Spatio temporal variation of root water uptake in a mixed deciduous forest and a grassland

Vegetation relies on soil water to meet transpiration demands. Furthermore, the canopy intercepts precipitation and introduces spatial heterogeneity in water entering the soil not only in forests but also in grasslands. Some studies showed that in mixed forests, trees tap water from deeper layers in response to long dry spells to compensate transpiration demands. In contrast, recent observations indicate that water uptake from deeper layers is almost negligible, which may be the main reason for the drought susceptibility of many forests in Central Europe. Moreover, canopy induced variability in precipitation distribution at the ground could influence water uptake patterns, which is rarely considered in forests and not investigated in grasslands. Therefore, we examined root water uptake and soil water patterns considering the impact of canopy-driven heterogeneity in subsurface processes through field observations. The research site consists of a mixed deciduous forest (1 ha) and an adjacent grassland (0.045 ha) site in Hainich Critical Zone Observatory, Thuringia, Germany. The forest site is dominated by European beech and hosts other species such as sycamore maple, European ash, while the plant community in the grassland is characterized by different functional plant groups such as graminoids, legumes and herbs. Both sites were equipped with closely paired (within 1 m) throughfall and soil moisture measurements (n_forest = 34, n_grassland = 22). We sampled throughfall weekly at both sites in 2019 (March-August) and 2022 (May-September) along with gross precipitation and grass height measurements. At both sites, we derived root water uptake from diurnal fluctuations in soil water content at two depths during rain-free periods.
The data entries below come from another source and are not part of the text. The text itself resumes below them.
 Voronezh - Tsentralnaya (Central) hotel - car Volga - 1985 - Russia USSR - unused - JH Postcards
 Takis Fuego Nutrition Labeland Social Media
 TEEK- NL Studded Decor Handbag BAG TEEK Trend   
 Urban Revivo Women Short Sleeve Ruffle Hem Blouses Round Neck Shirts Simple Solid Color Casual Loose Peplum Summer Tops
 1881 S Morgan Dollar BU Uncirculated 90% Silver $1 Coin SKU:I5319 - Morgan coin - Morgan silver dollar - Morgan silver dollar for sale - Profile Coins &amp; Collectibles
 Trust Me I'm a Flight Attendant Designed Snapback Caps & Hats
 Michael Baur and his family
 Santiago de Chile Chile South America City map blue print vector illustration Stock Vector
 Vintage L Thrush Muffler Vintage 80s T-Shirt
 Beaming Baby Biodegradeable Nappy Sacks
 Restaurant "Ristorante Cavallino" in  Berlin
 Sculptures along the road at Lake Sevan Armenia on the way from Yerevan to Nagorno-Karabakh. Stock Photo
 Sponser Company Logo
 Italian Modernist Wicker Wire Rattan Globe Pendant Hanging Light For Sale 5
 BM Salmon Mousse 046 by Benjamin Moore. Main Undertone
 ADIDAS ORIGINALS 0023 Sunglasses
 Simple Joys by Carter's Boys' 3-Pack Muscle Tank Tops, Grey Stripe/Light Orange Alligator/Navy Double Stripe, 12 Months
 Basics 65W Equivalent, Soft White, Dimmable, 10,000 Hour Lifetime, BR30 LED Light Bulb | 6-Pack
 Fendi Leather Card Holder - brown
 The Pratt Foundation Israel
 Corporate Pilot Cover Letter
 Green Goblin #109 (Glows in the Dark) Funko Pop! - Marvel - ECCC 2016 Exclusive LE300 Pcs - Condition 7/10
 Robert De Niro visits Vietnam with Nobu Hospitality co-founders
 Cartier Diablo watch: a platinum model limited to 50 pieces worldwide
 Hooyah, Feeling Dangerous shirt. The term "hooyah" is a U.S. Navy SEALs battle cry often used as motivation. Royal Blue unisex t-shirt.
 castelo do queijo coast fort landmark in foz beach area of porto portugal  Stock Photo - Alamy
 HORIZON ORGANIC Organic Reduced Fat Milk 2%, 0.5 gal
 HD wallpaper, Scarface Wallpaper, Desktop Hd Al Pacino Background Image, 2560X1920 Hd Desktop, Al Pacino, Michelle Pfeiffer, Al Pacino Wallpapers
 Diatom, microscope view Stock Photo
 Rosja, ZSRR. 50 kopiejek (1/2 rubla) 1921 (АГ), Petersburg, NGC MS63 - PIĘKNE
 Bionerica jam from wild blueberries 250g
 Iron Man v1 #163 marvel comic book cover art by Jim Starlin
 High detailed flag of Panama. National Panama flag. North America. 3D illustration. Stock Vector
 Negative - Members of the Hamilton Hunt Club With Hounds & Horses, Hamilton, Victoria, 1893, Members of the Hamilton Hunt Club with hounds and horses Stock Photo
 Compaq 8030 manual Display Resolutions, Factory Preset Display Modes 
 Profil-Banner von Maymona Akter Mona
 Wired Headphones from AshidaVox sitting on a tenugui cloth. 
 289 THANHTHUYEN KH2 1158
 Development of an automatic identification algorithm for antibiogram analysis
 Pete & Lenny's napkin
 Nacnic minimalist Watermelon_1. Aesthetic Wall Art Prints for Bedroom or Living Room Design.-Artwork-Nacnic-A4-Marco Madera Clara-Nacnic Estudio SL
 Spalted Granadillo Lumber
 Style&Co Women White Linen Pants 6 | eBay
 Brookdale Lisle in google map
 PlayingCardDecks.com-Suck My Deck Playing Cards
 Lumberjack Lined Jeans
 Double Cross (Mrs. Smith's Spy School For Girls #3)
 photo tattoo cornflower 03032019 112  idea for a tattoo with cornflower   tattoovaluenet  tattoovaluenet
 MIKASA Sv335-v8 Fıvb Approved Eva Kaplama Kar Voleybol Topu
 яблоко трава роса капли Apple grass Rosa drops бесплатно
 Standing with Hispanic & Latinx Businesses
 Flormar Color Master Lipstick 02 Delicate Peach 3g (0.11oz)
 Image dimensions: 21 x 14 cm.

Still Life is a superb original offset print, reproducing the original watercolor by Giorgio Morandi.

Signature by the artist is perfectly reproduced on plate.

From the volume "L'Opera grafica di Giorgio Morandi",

The growing season in 2022 was drier than in 2019 (P_{gross, cum,2019} < 200 mm), resulting in less than 100 mm of cumulative gross precipitation within the sampling period. In addition, dry spells were longer and more frequent in the 2022 growing season. At the forest site, the topsoil layer held more water than the deeper layer throughout the sampling period in 2019 and early in the season 2022. In the grassland plot, the topsoil layer stored precedingly less water in both years through the growing season, especially after summer mowing, which is probably due to preferential flow. In the forest, the average water uptake depth systematically shifted to deeper layers in the dry growing season of 2022, so that after mid-July roots mostly tapped water from deeper layers. In 2019, the relatively wetter growing season, changes in uptake depths were also related to tree size. The average daily transpiration reached 3 mm in 2019 while it decreased to less than 2.5 mm in 2022 despite the higher evapotranspiration demand, indicating a strong drought effect. In the grassland plot, in both years, the deeper soil layer facilitated higher water uptake over the growing season in line with grass development and remained so even after summer mowing. Our results suggest that severe droughts can alter water uptake strategies in mixed species forest and grassland sites.